If I were a wordsmith..

Dear Dreamers, 

If you know me, and I reckon you do by now, you know that-
 I like brick buildings, I love stone buildings.
 I like cobbled streets, I love cobbled alleys.
 I like coffee, I love a café on a cobbled street by a stone building across an alley ending in a whitewashed building with a metal balcony railing.
So imagine my surprise when I saw this.

And then this...





Really its quite unfair that one place gets all of this. This may very well be the architectural equivalent of  Aishwarya Rai or Miranda Kerr . I know nature and mountains makes some of you feel like this. …(now you get it). But the joy of walking around and touching these sights and all secrets and history they hold, makes me positively gleeful.  What Jane Austen heroine had pulled up in a horse drawn carriage here? What WWII spy had used this telephone booth to deliver a coded message? What part of Churchill’s formidable life had passed through here? And I could go on and on..                                                                               

Oxford College Quadrangle






If London was enough to make me weak in the knees, wait  till I meet Oxford and Cotswolds. We took a day trip to from London- touching Stonehenge, Oxford and Cotswolds. And while
 I admit I was slightly underwhelmed by Stonehenge, (apparently I’m not interested in stones unless used to make buildings or cobbled into streets). We made it to Oxford with a strict timeline of an hour to spend there. (I can go on and on about the streets and the buildings, but I’d still like an audience by the end of this post). So we did a quick walk through the campus, around the lazy strollers and the bikers going through town, feeling the rare air of the oxford IQ and the Oxford University Press and the sudden surprising beam of light on the green grass overlooking the college quadrangle. As we pull out of Oxford, we are a little skeptical about going to Cotswolds. We are losing sunlight and still have a better part of an hour to drive too, and really after taking in everything we have today, what else can really amaze us? But we keep calm and course along.



Cotswold is about a 45 minute drive from Oxford, and we get there soon enough. It’s a cluster of villages built on the rolling hills of Cotswold, with houses build from the Cotswold stone. I’m not sure where they get their name from, but I can tell they are keeping their options open.  We drive through the villages aiming to land at Bibury, one of the hamlets- ( I’m not sure it’s really a hamlet, but I’m on a Victorian roll here, so cut me some slack) and then loop out of there.
If you know the Dalvi girls, you know that quiet and speechless are not words used to describe us often/ ever.
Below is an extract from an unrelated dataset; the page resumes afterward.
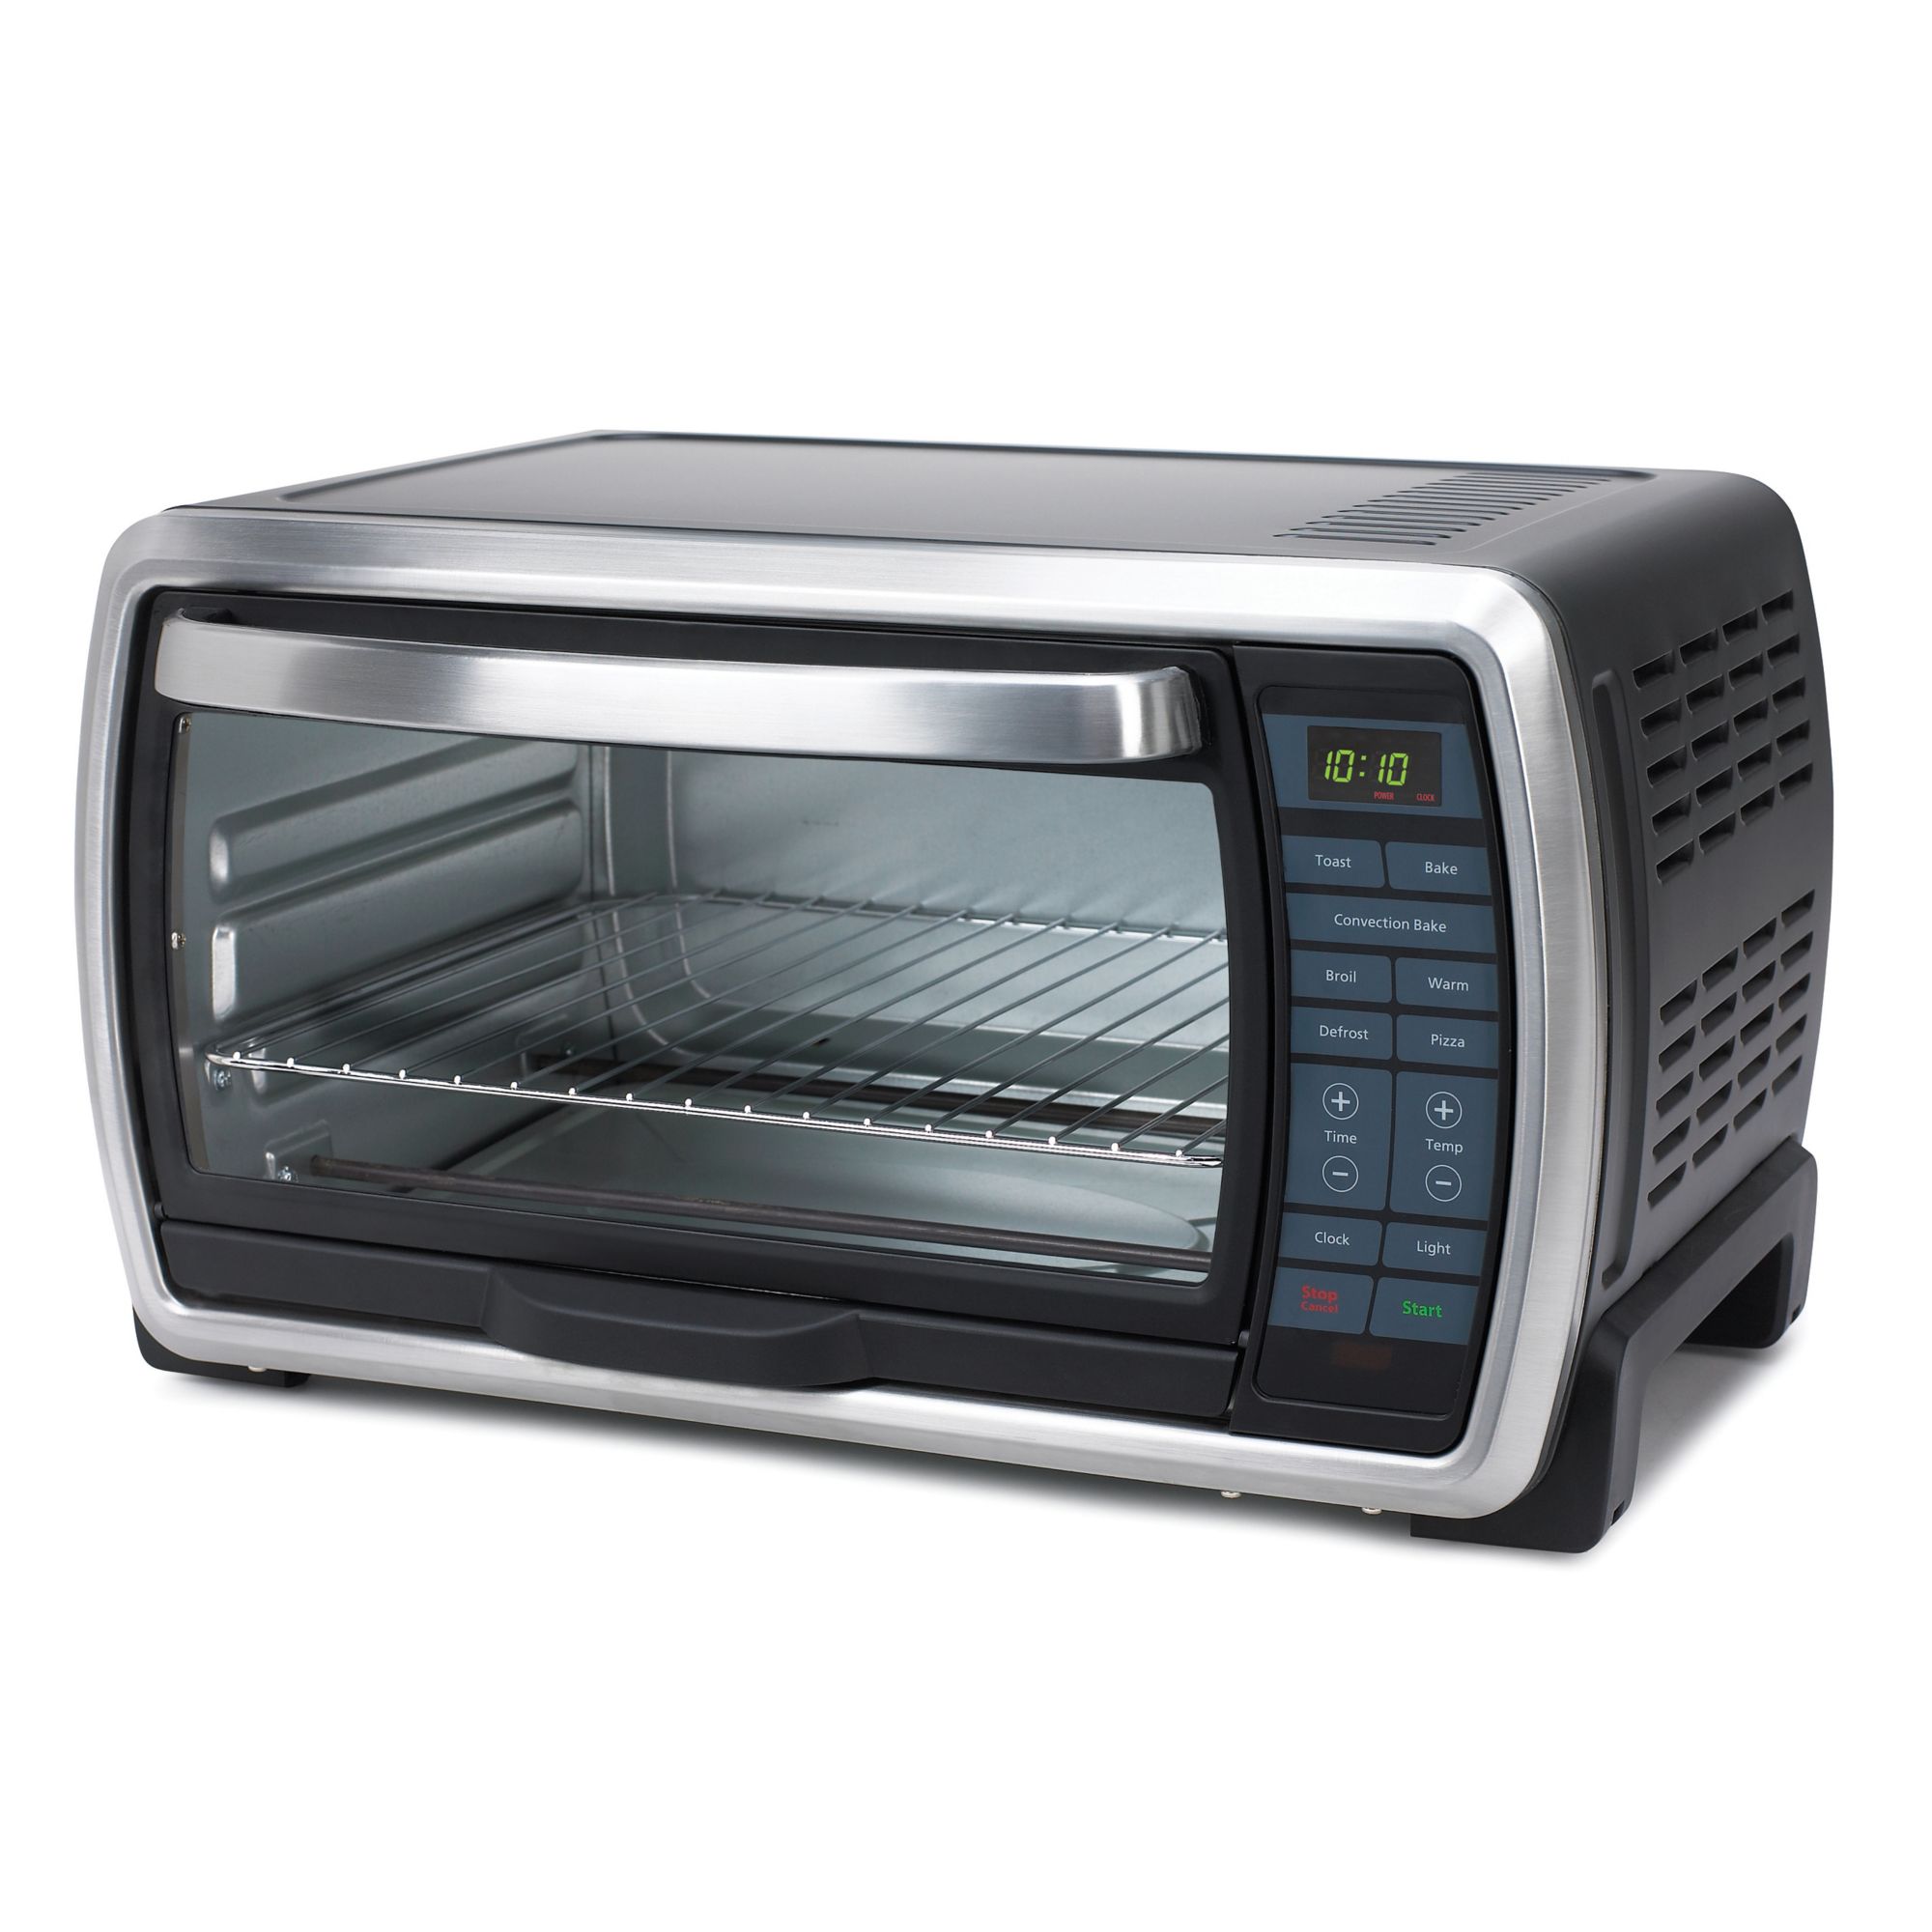  Oster Toaster Oven, 7-in-1 Countertop Toaster Oven, 10.5 x 13  Fits 2 Large Pizzas, Stainless Steel : Home & Kitchen

But for once the car was quiet. The long winding road, the green spring leaves adorning the path like a caress and the evening light breaking though the branches. 
Now, Hansel and Gretel makes sense. Little Red riding hood makes sense. Even Goldilocks makes sense. Every single story you grew up listening to- the stone houses, the wooden gate, the thick chimney, the ‘ just the right amount of overgrown garden, the purple wildflowers, the little stream. They are all right there, tucked away into their little corner of this world, unbeknown to most of us.




My mother, on her travels through Great Britain and Scotland, famously said, “Anybody who is born around this greenery and rolling hills and meadows would become a Wordsworth or a Tennyson” .  I don’t know if they would become one, but they would certainly like to try.


Cheers
S

p.s. I checked- Cotswolds gets it’s name from the stone.